Limitations & Future Work

  1. Segmentation resolution bottleneck: Operating in a 64×64×4 latent space limits segmentation quality for small-area classes (e.g., earrings, eyebrows).
  2. Large model footprint: Reliance on the Stable Diffusion U-Net entails high per-step computation, despite the reduced number of steps.
  3. Classification validated only on MNIST/CIFAR-10: Evaluation on large-scale datasets such as ImageNet is absent.
  4. Segmentation accuracy still lags behind specialized models (e.g., SegFormer achieves 46.7 vs. 39.6 on COCO-Stuff).
  5. Future directions include distillation into a one-step model, fine-tuning the VAE decoder to improve segmentation, and exploring stronger architectures such as MMDiT.
  • SemFlow (2024): The direct predecessor, which also employs flow matching to unify segmentation and generation; SymmFlow substantially surpasses it in generation quality.
  • Diffusion Classifier (2023): A pioneering approach to classification with diffusion models, but with prohibitively high inference cost.
  • Flow Matching (Lipman 2022): The theoretical foundation of SymmFlow, which simplifies CNF training from requiring simulation to direct matching.

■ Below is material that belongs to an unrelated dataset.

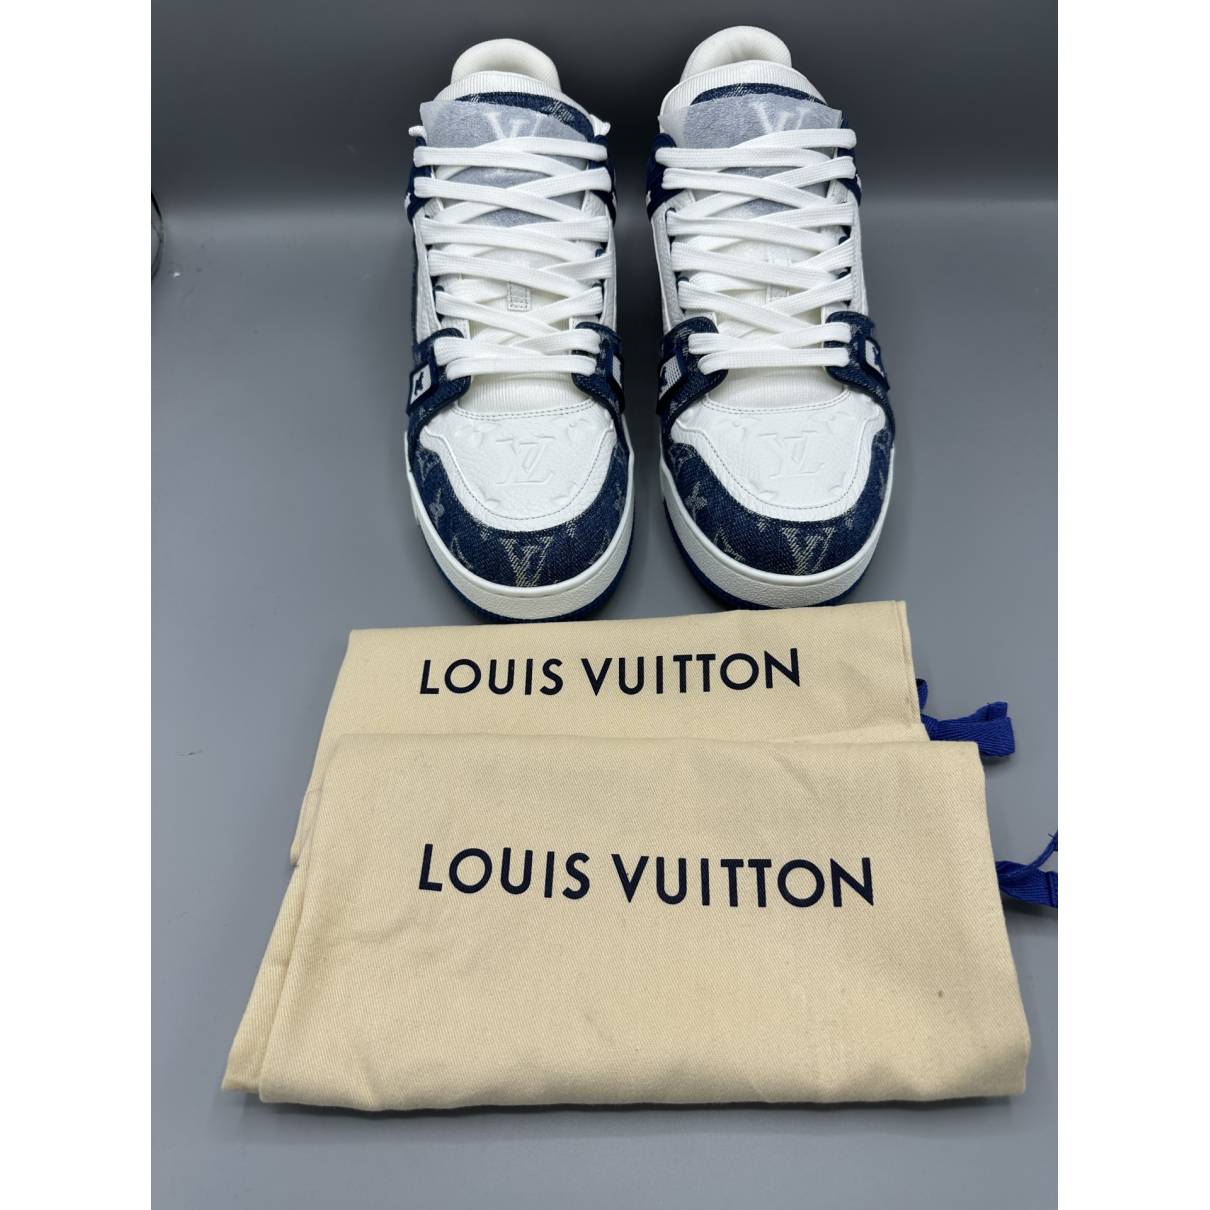 Lv trainer leather low trainers Louis Vuitton Blue size 43.5 EU in Leather  - 32955511

  • The symmetry concept is potentially extensible to tasks such as depth estimation and image editing.

Rating

  • Novelty: ⭐⭐⭐⭐⭐ (The unified modeling via symmetric flow matching is highly elegant; the design that removes the channel constraint is insightful.)

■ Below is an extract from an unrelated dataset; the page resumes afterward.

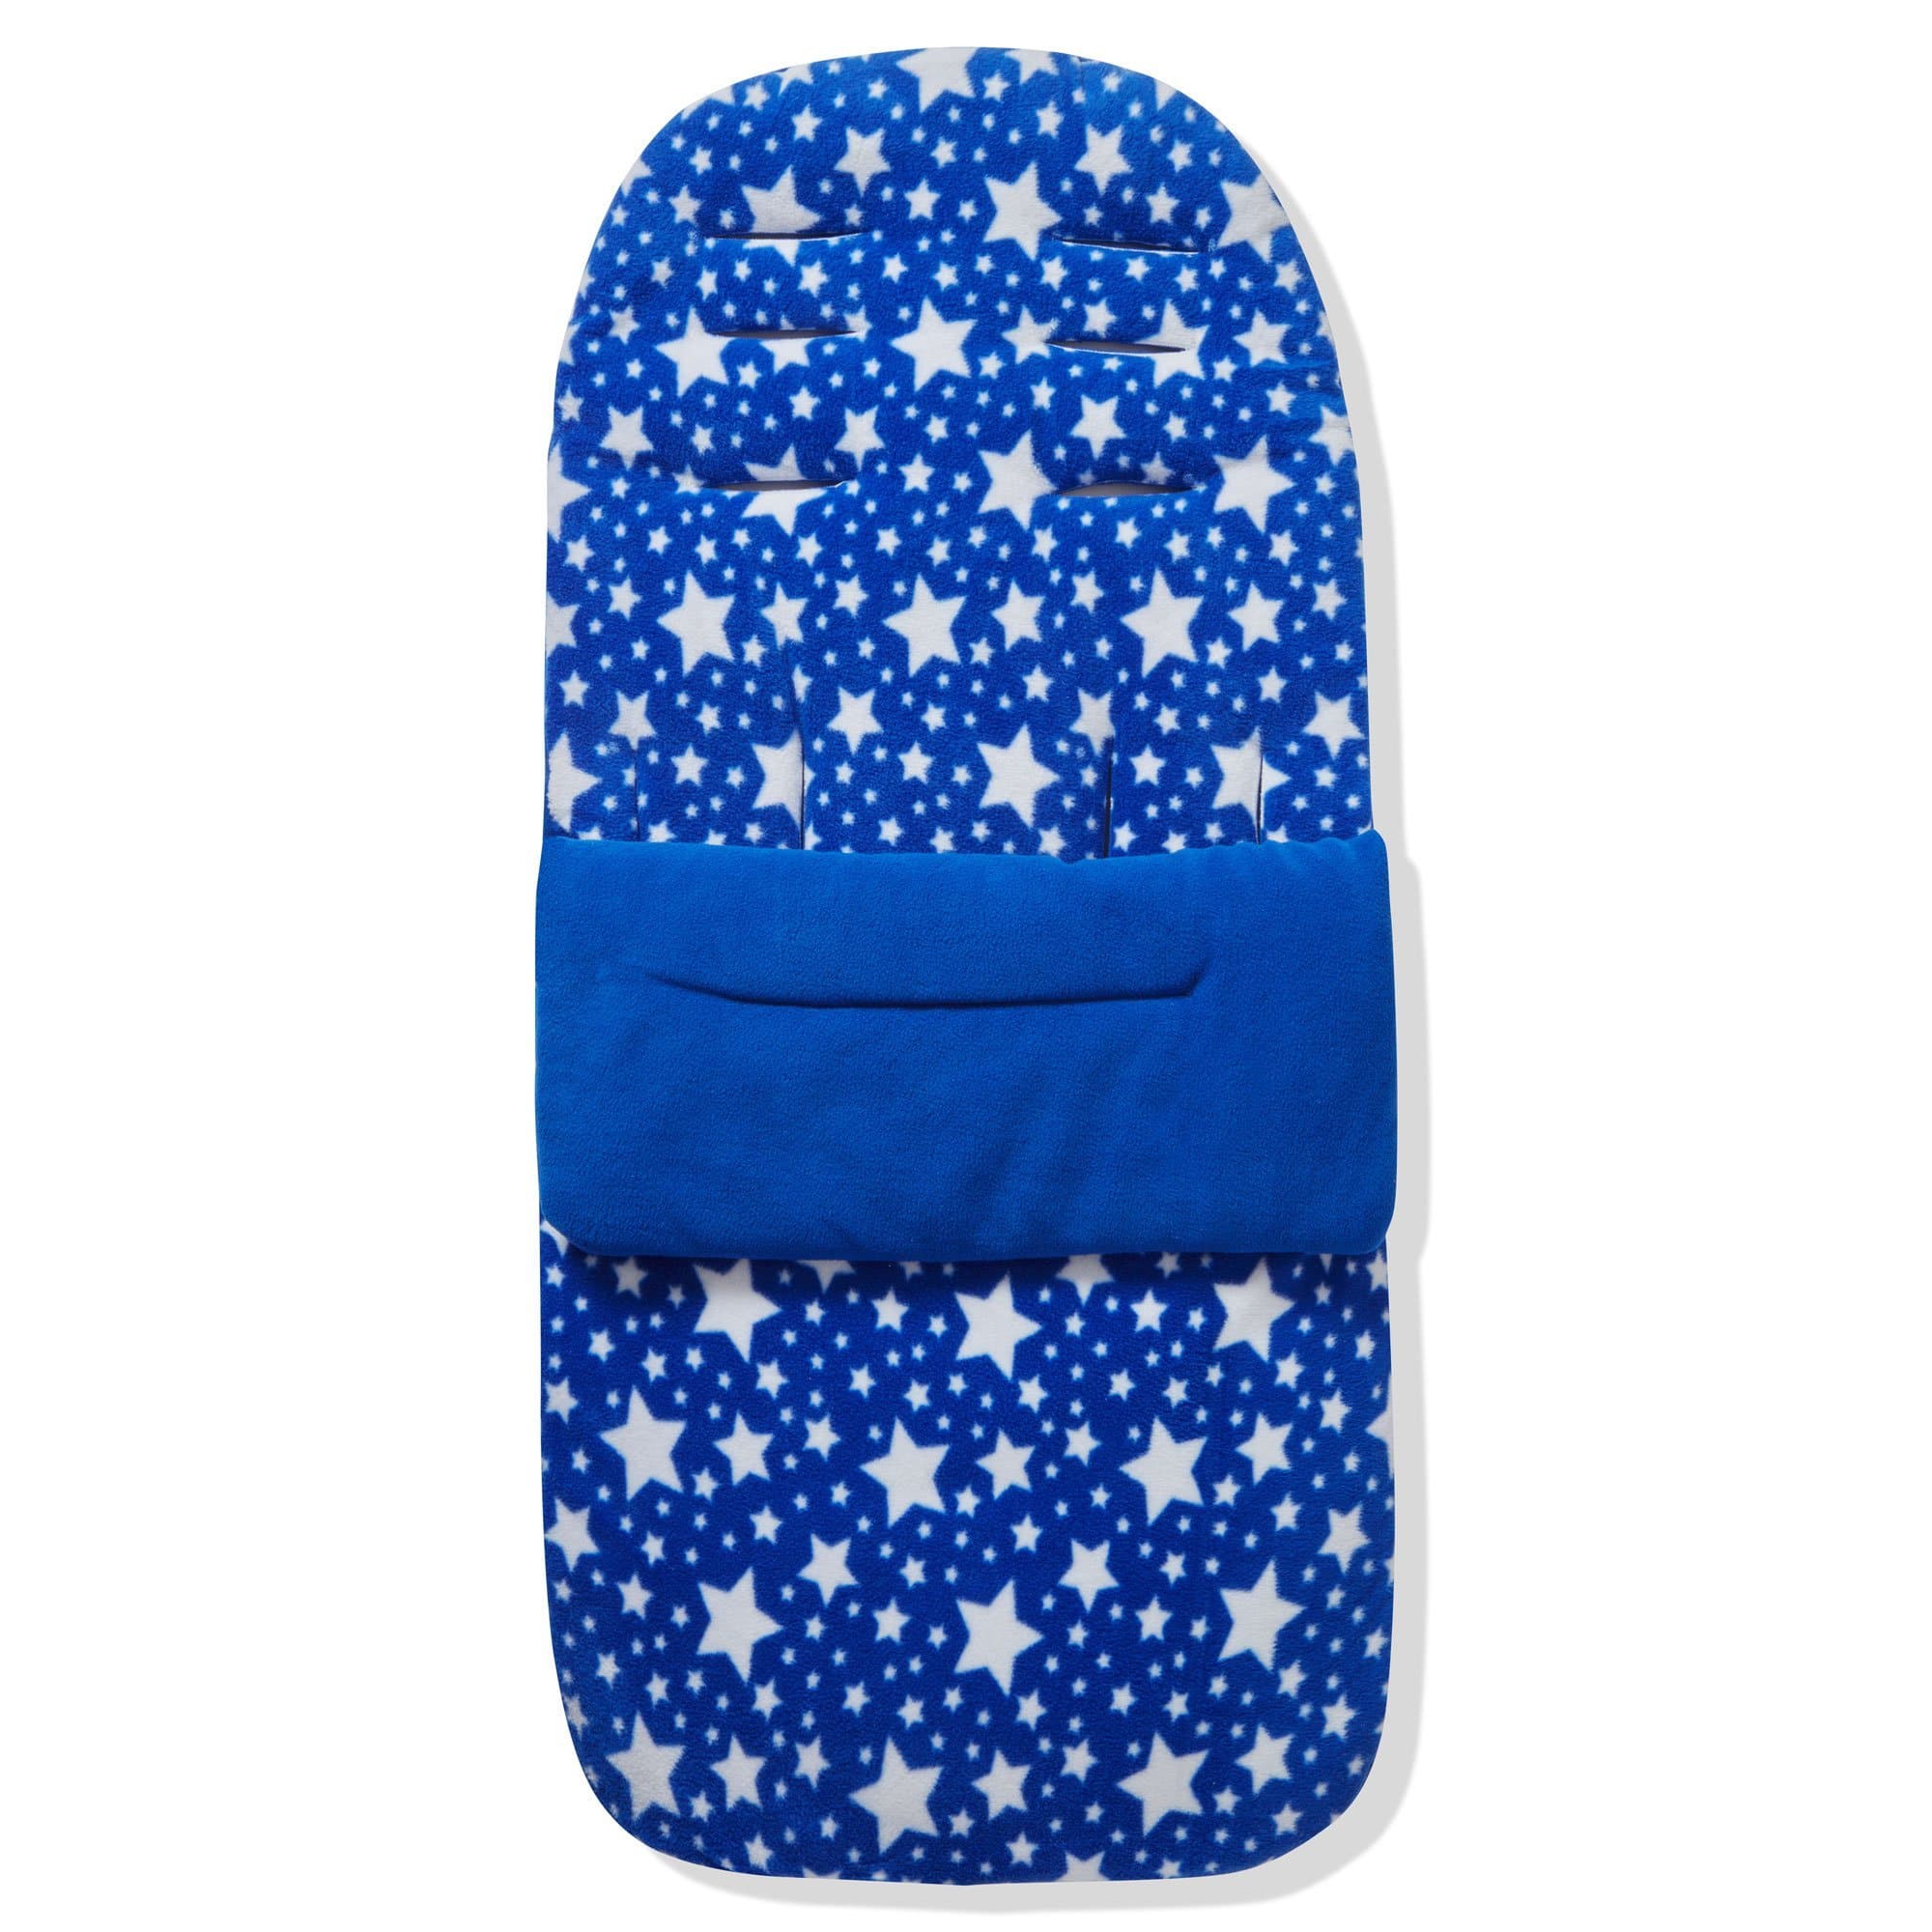 Fleece Footmuff / Cosy Toes Compatible with Kids Kargo - Blue Star / Fits All Models | For Your Little One

  • Experimental Thoroughness: ⭐⭐⭐⭐ (Generation and segmentation experiments are thorough, but classification validation is relatively weak.)
  • Writing Quality: ⭐⭐⭐⭐⭐ (Logic is clear, toy experiments aid understanding, and figures are well-crafted.)
  • Value: ⭐⭐⭐⭐ (The unified modeling direction is promising, but segmentation accuracy remains to be improved.)